I've written the following query:
select first(o), max(h), min(l), last(c), sum(v) by sym, t.date from disk
where 'disk' is a parted splayed disk table containing 160m rows.
When I run this query, all RAM gets consumed and then KDB dies.
What am I doing wrong?
Edit My schema is:
c | t f a
---| -----
t | p
o | f
h | f
l | f
c | f
v | i
sym| s p
There is a helpful function in the .Q
namespace, .Q.dpft
here https://code.kx.com/q/ref/dotq/#qdpft-save-table which saves tables splayed to a partitioned database, that you can wrap in a lambda and pass each date e.g.

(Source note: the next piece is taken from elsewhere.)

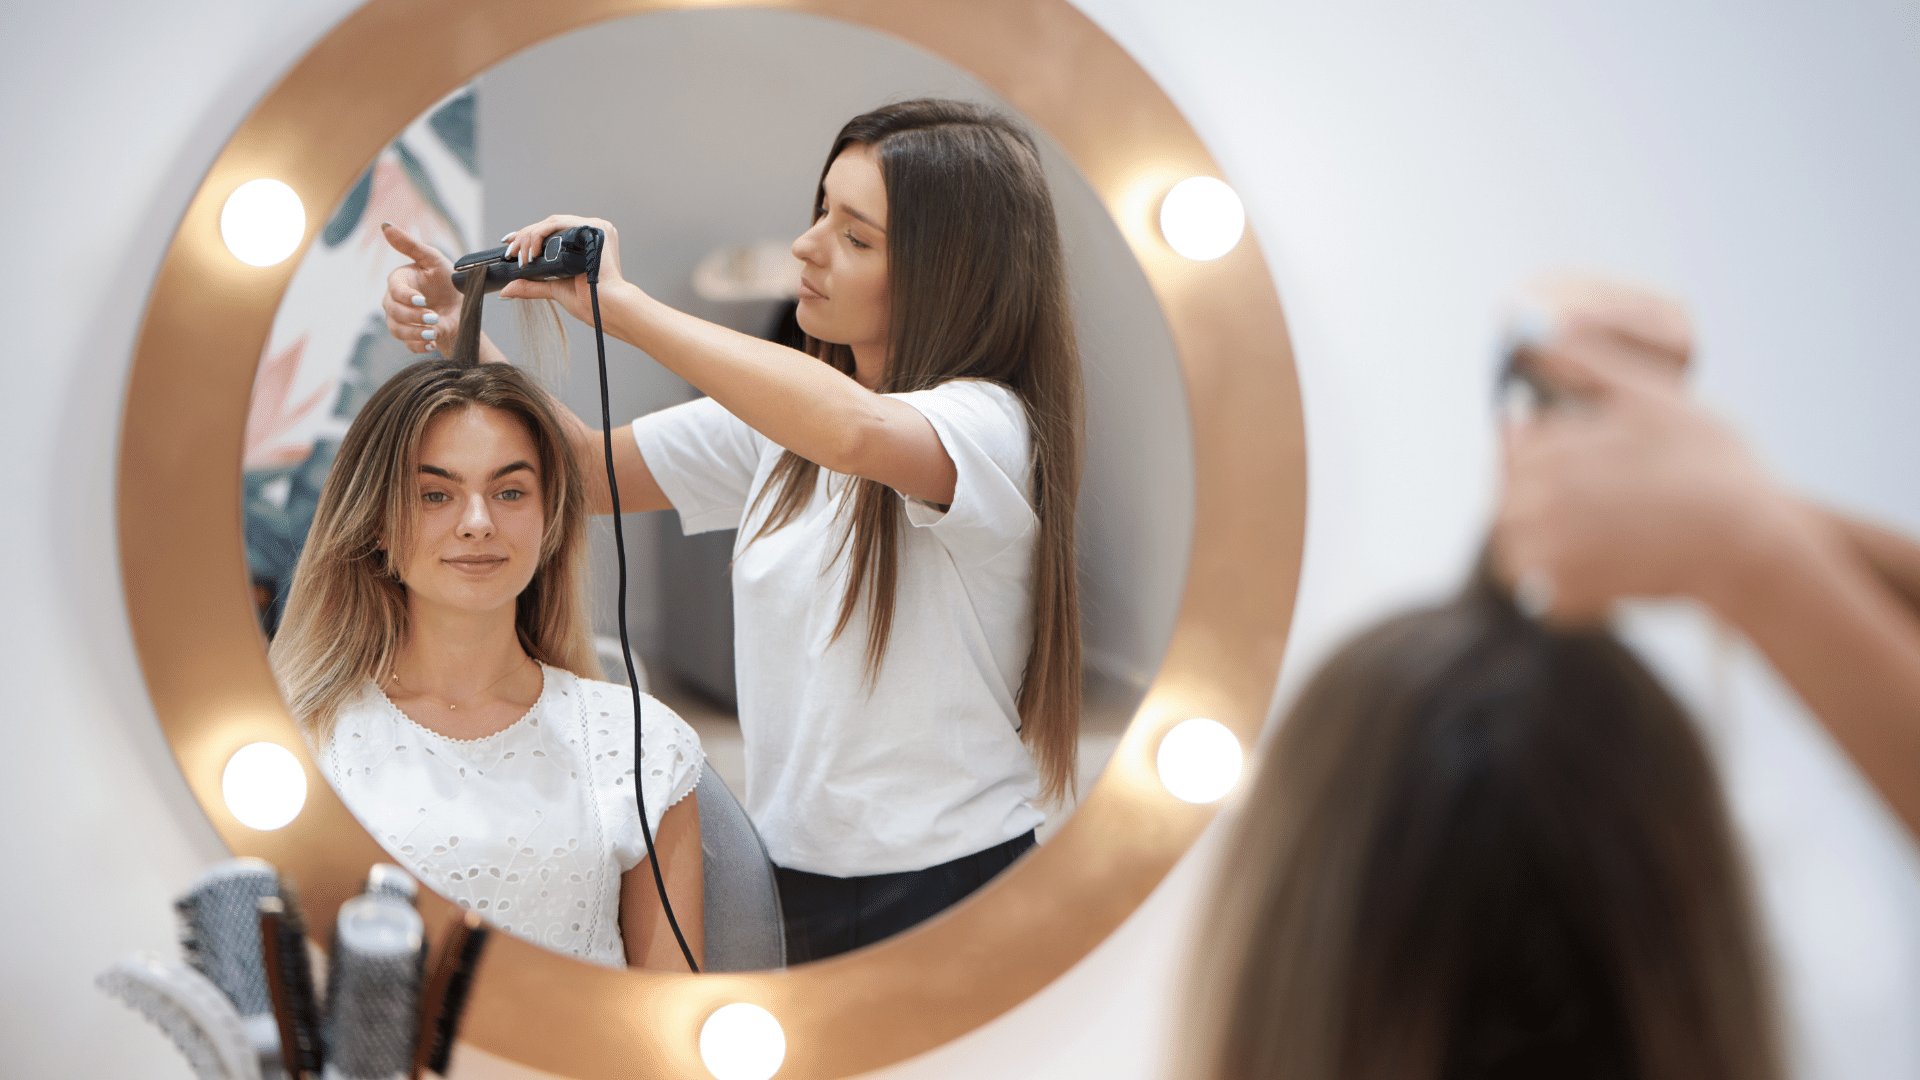 Espelho mostrando reflexo de uma mulher passando chapinha no cabelo de outra moça

q) / table might be called alltrades
q)table:([]date:"d"$100?7000+til 10;sym:100?`AAA`BBB`CCC;price:100?100.0)
q)table
date sym price
-----------------------
2019.03.10 BBB 49.81119
2019.03.08 CCC 8.997612
2019.03.08 CCC 22.74166
2019.03.06 BBB 86.544
..
q) / below, t might be called trade
q){t::select from table where date=x; .Q.dpft[`:hdb; x; `sym;`t]}'[exec distinct date from table]
`t`t`t`t`t`t`t`t`t`t
q) \\
user@host:~$ cd hdb
user@host:~/hdb$ ls
2019.03.02 2019.03.03 2019.03.04 2019.03.05 2019.03.06 2019.03.07 2019.03.08 2019.03.09 2019.03.10 2019.03.11 sym
user@host:~/hdb$ cd 2019.03.02
user@host:~/hdb/2019.03.02$ ls
t
user@host:~/hdb/2019.03.02$ cd t
user@host:~/hdb/2019.03.02/t$ ls
date price sym
where hdb
is the directory path you want to save to, sym
is the symbol column which will be automatically enumerated and table
is the table in memory which you want to partition.